# Project 3 - Open Street Map Data Wrangling

## Abstract
Open Street Map is a project to create a open source mapping of the world. It could most easily be understood as the Wikipedia of maps, where anyone in the world can add to the mapping dataset. The data provides a rich dataset, both interesting in the context of learning more about various geographic areas around the world, or from the data itself, such as how many people contributed to the dataset for a particular area. With any project reliant on human input though the data is sometimes inconsistent. 

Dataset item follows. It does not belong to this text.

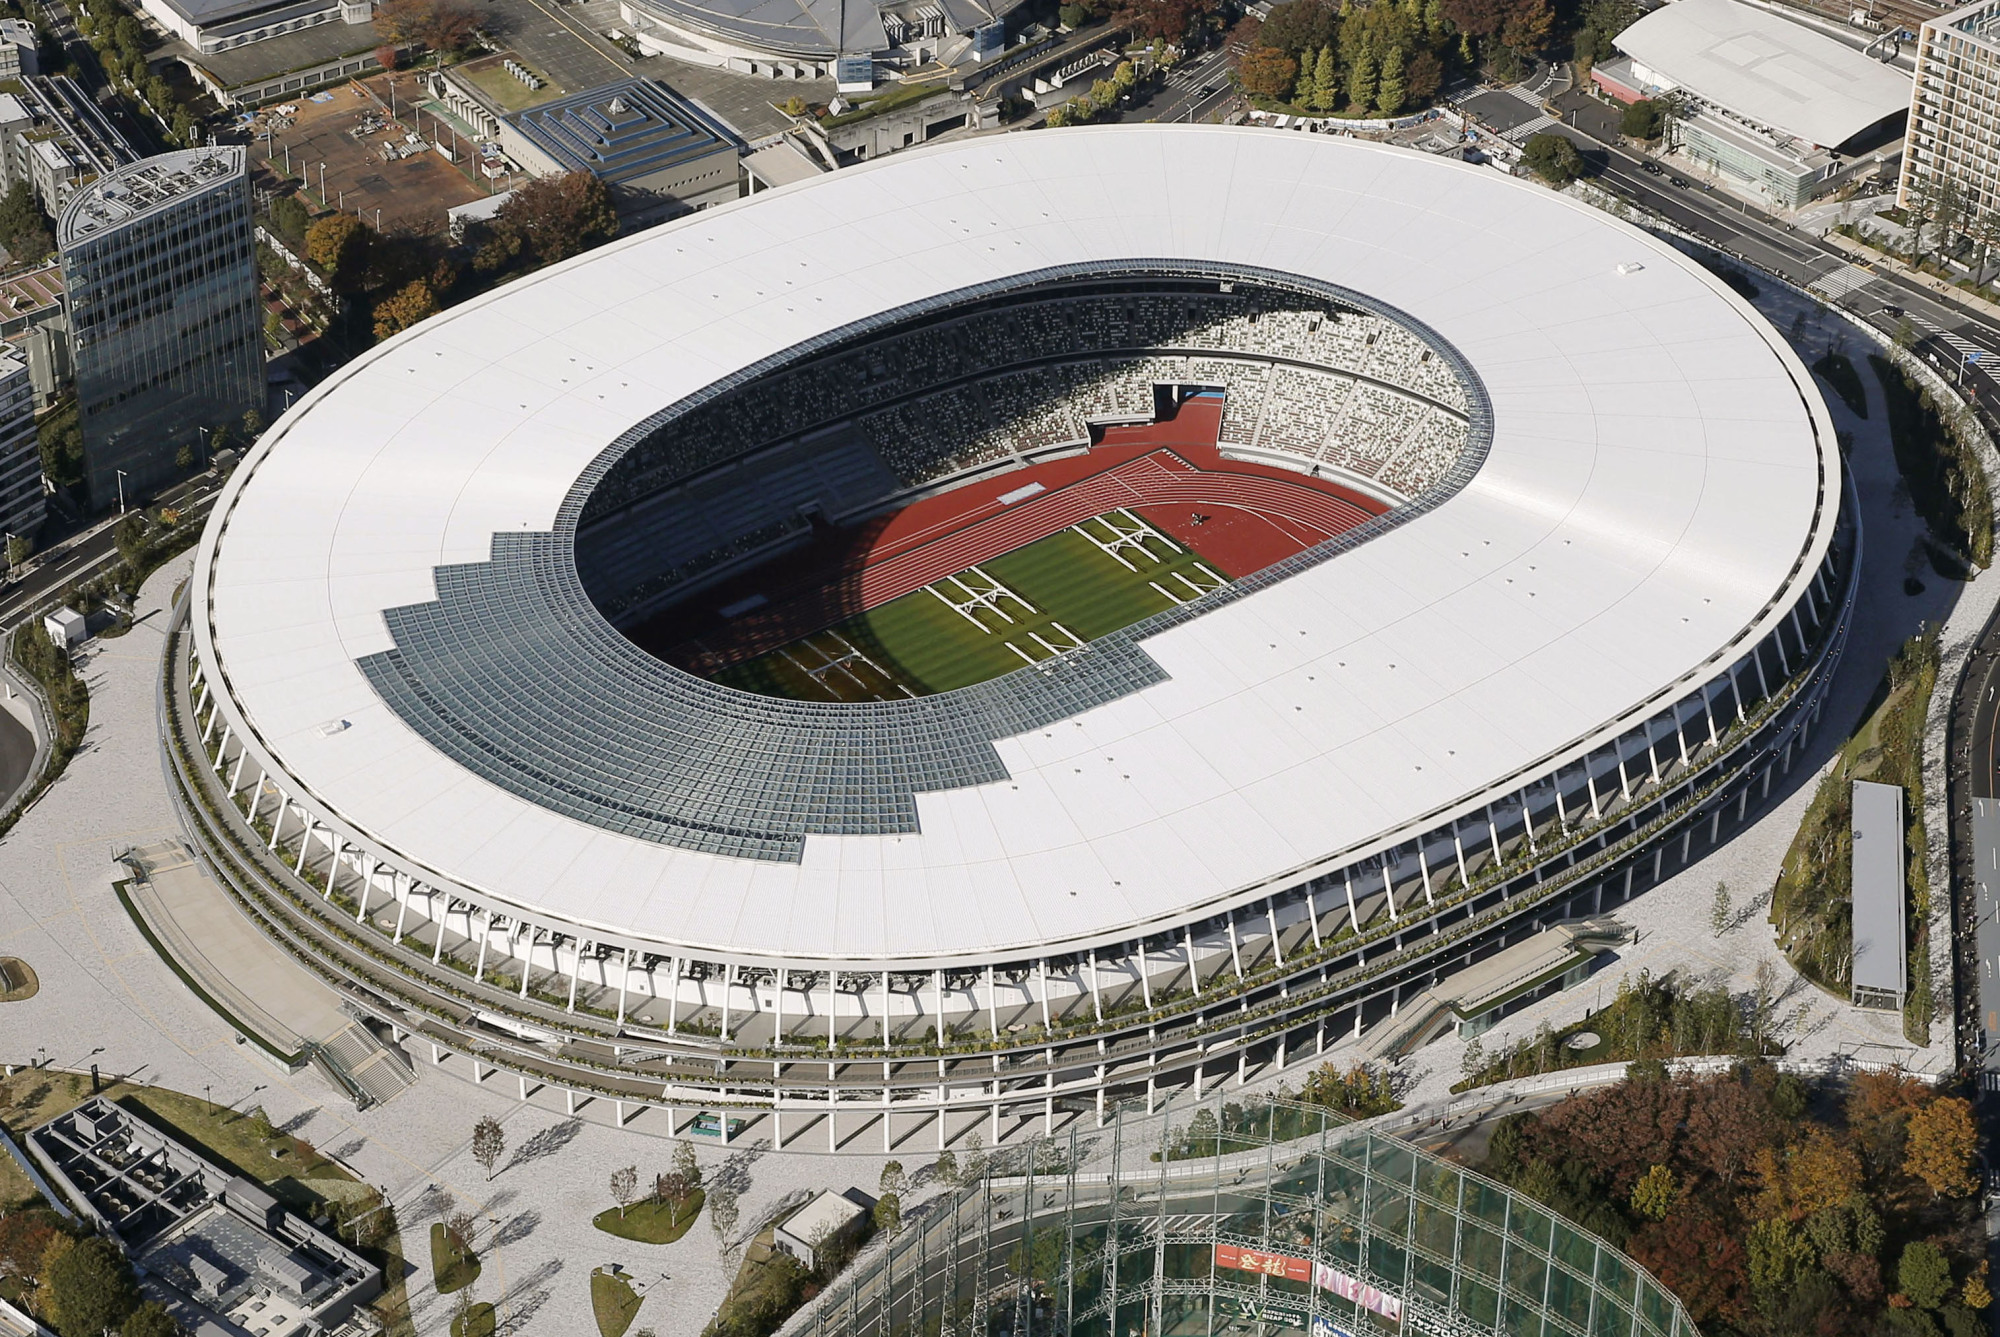 The newly completed National Stadium will serve as the main venue for the 2020 Tokyo Olympics, but not enough thought and planning has been given to its use after the games. | KYODO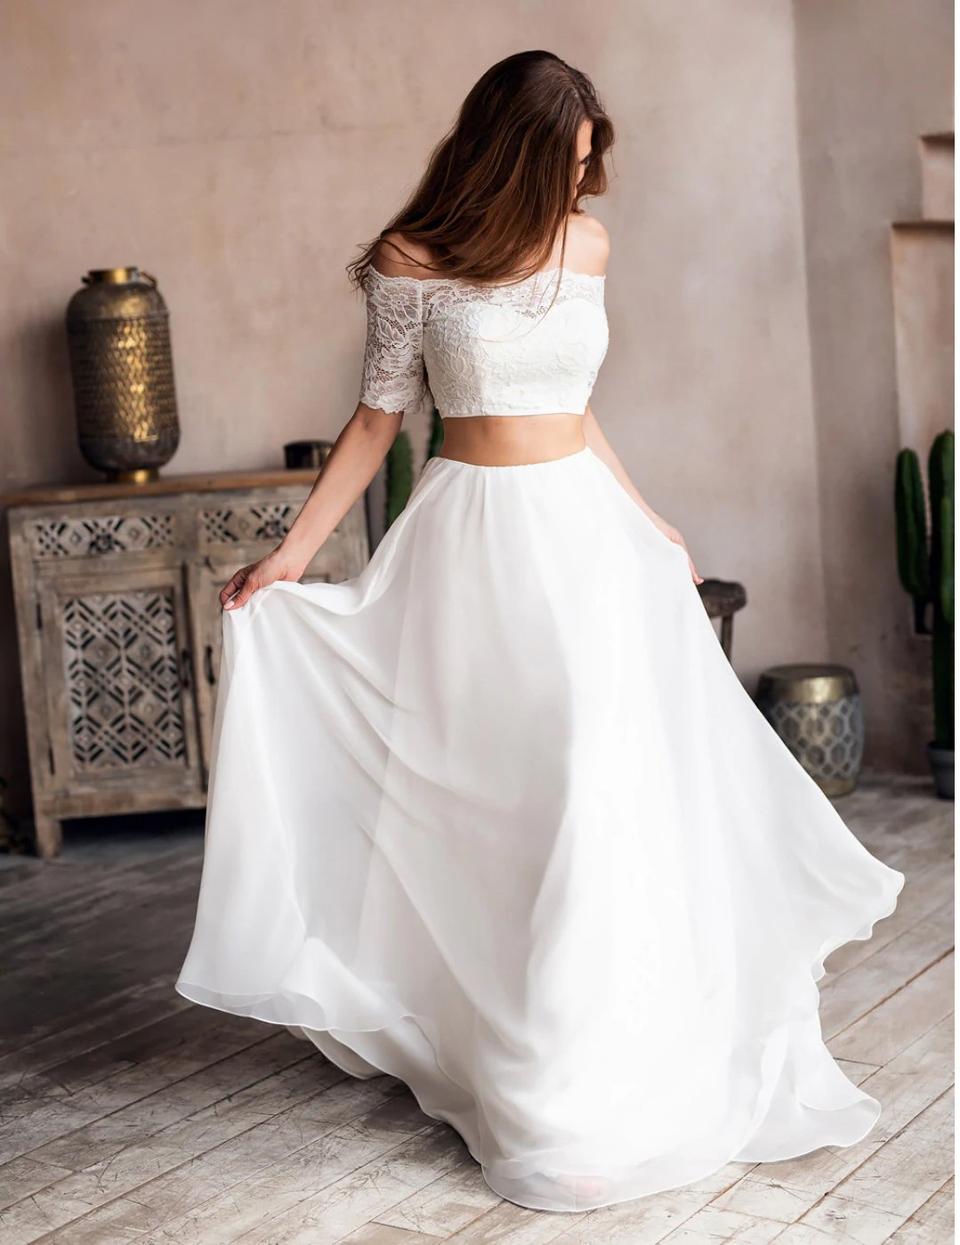 39 Best Two-Piece Wedding Dresses & Bridal Separates for 2022 - hitched ...

### Los Angeles California
Los Angeles California was chosen for two primary reasons. One is that Los Angeles is largest city in America, and the second most populous. It is very likely that there are more records in Los Angeles than most other American cities and it is also likely that there are more contributers. The second reason is that the I was born close to Los Angeles so to me it is a more interesting dataset.

## Methodology
The map data was initially downloaded from MapZen

## Data Munging

### Verify Tags

In [5]:
file_location = "data\los-angeles_california.osm"
file_location = r"C:\los-angeles_california.osm"

In [6]:
from programs import tags
tag = tags.process_map(file_location)

In [7]:
tag

{'lower': 1804949, 'lower_colon': 2122407, 'other': 176260, 'problemchars': 0}

Out of the 4,103,616 tags luckily none of them contain any of characters labeled as problem characters in the Lesson 6 example.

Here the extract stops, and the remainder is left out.